This is going to sound very odd, but it’s something which occurred to me yesterday and has disheartened me somewhat since.
I am no longer attractive to young girls.
Wait. Read that again, and note I wrote attractive, not ‘attracted’. Not being attracted to young girls would be a cause for celebration, until you realise I said ‘no longer’. And then you’d call the police.
Let’s get back to the point. Just a few years ago I was young, fit and didn’t look like a crack addict; and, as such, girls a few years younger than me got all giggly in my presence – some even declaring that they wanted to marry me. And, despite it being a bit odd, a compliment’s a compliment, and I took it.
But those days are gone. Nowadays I wear jeans which are so worn they have developed a huge rip in the crotch, so much so that if I sit with my legs open the resultant view essentially classes as indecent exposure.

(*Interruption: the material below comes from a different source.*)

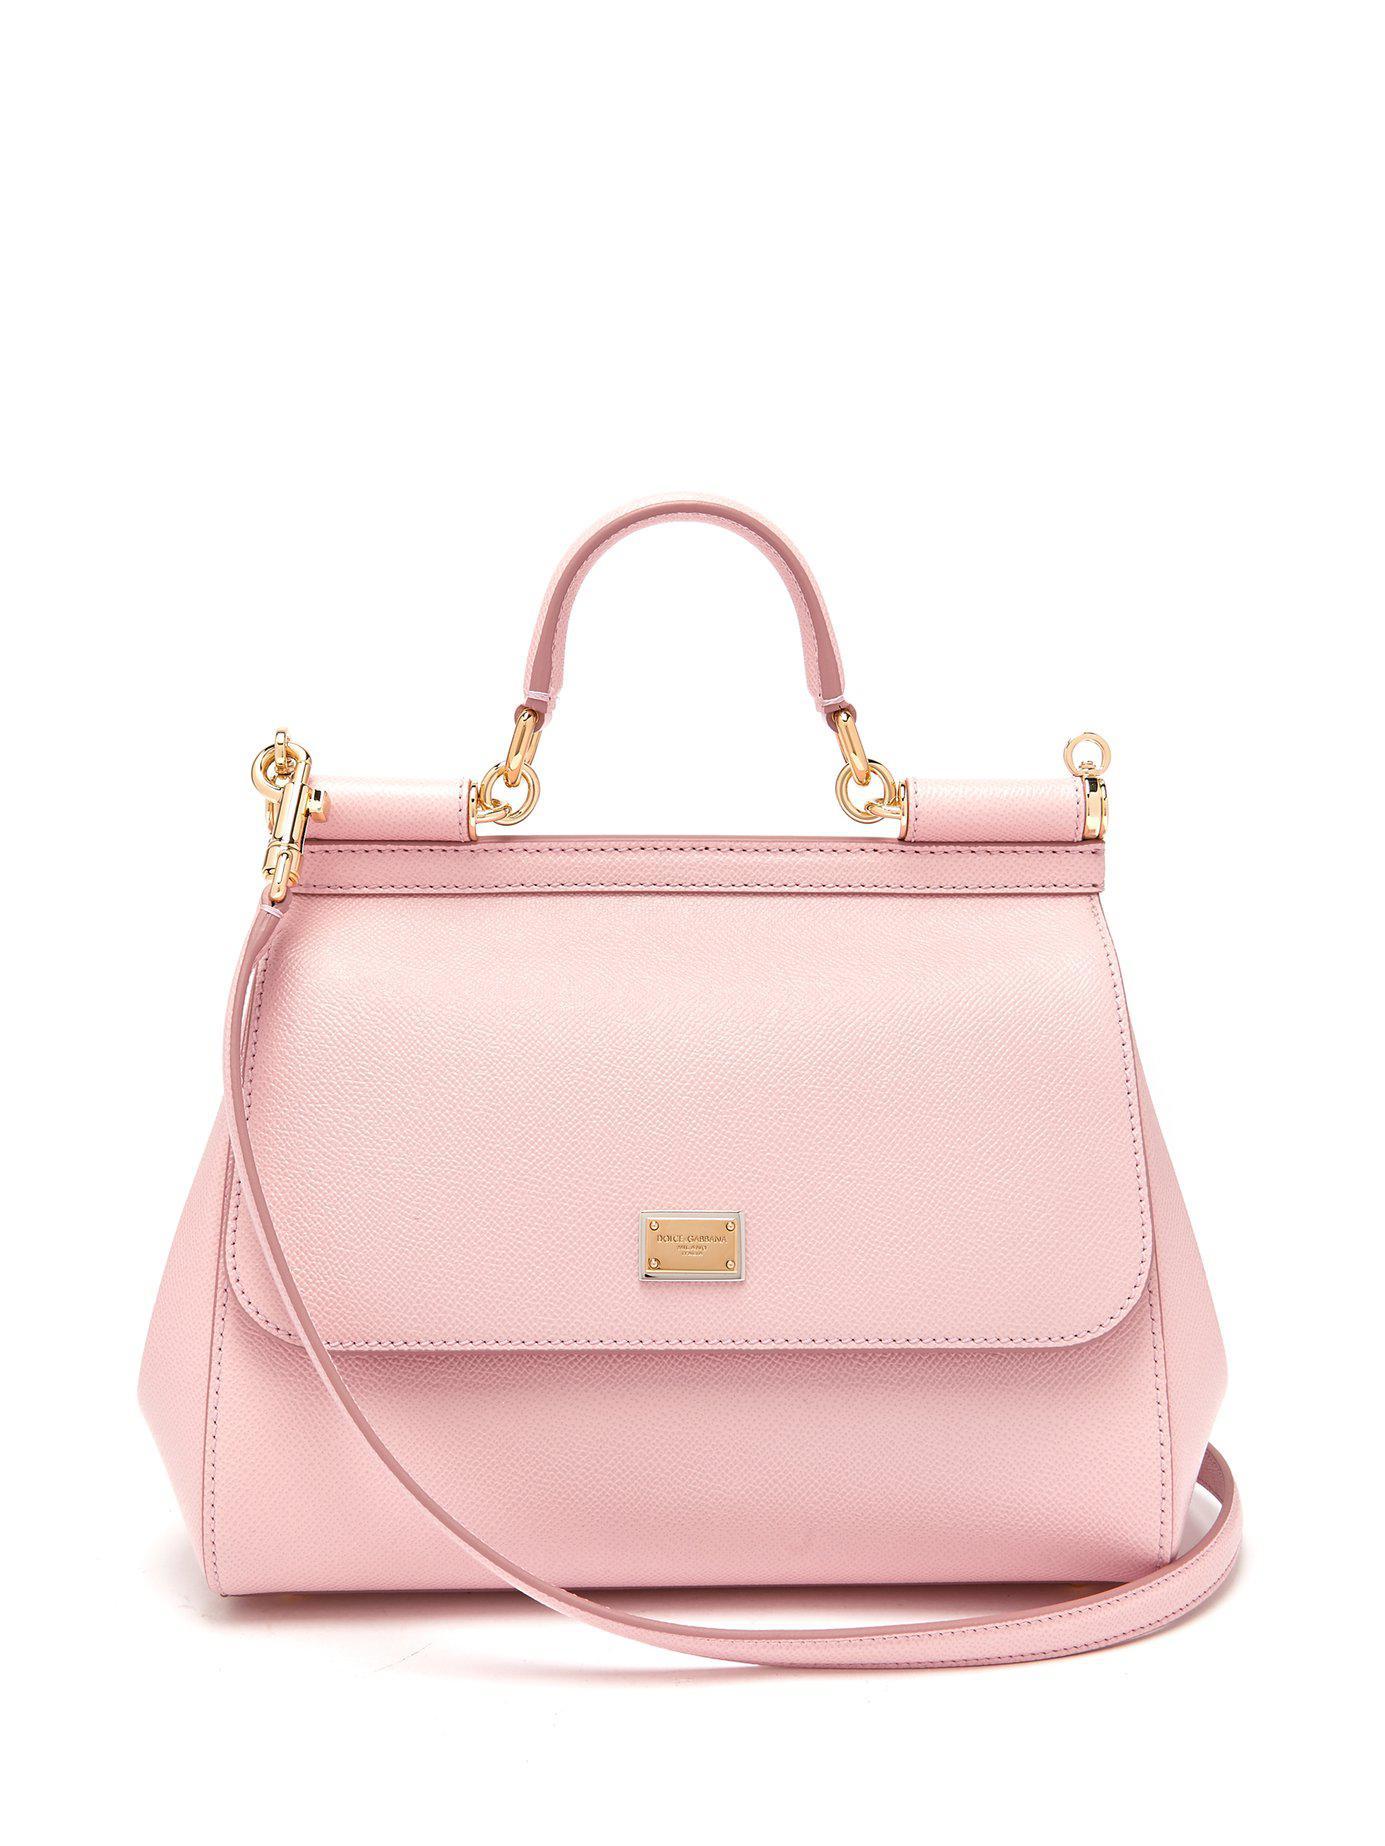 10bd7d903a8b Lyst - Dolce   Gabbana Sicily Medium Dauphine Leather Bag in Pink ...
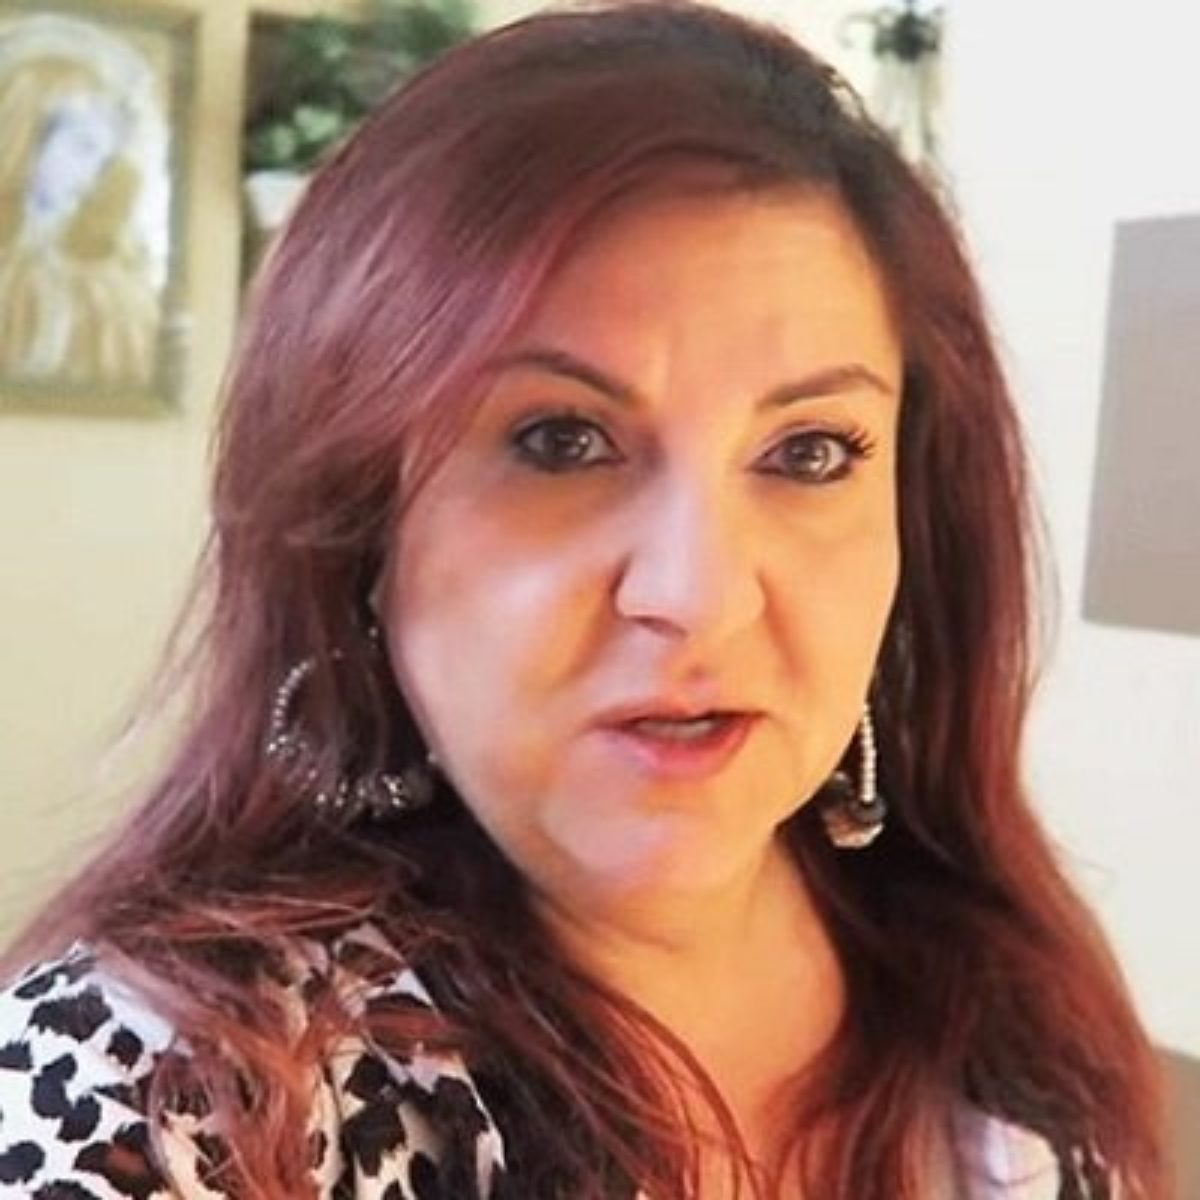 Mama Rug Biography - Affair, Married

So I sit with my thighs clamped together and, because it’s convenient, my hands on my knees.
I wear comfortable shirts, which are often shades of blue or grey, soft cotton which is nudged by my moobs and ever-expanding gut. I have a cardigan which it takes all my strength not to button up. And sometimes I don’t bother to style my hair, so it sits proudly atop my scalp, stuck in all directions like I’ve been licking a Van de Graaf generator.
It’s no wonder, really, that I’m repulsive to the opposite sex, regardless of what age they are. Heck, now and again out of the corner of my eye I even catch my wife looking me up and down with the same expression you get when you’ve stepped in a dog turd. Maybe it’s time to throw out the grey and crack open the Brylcreem before my belt passes my nipples or my crotch is replaced by a hanging slab of fat – whichever comes first.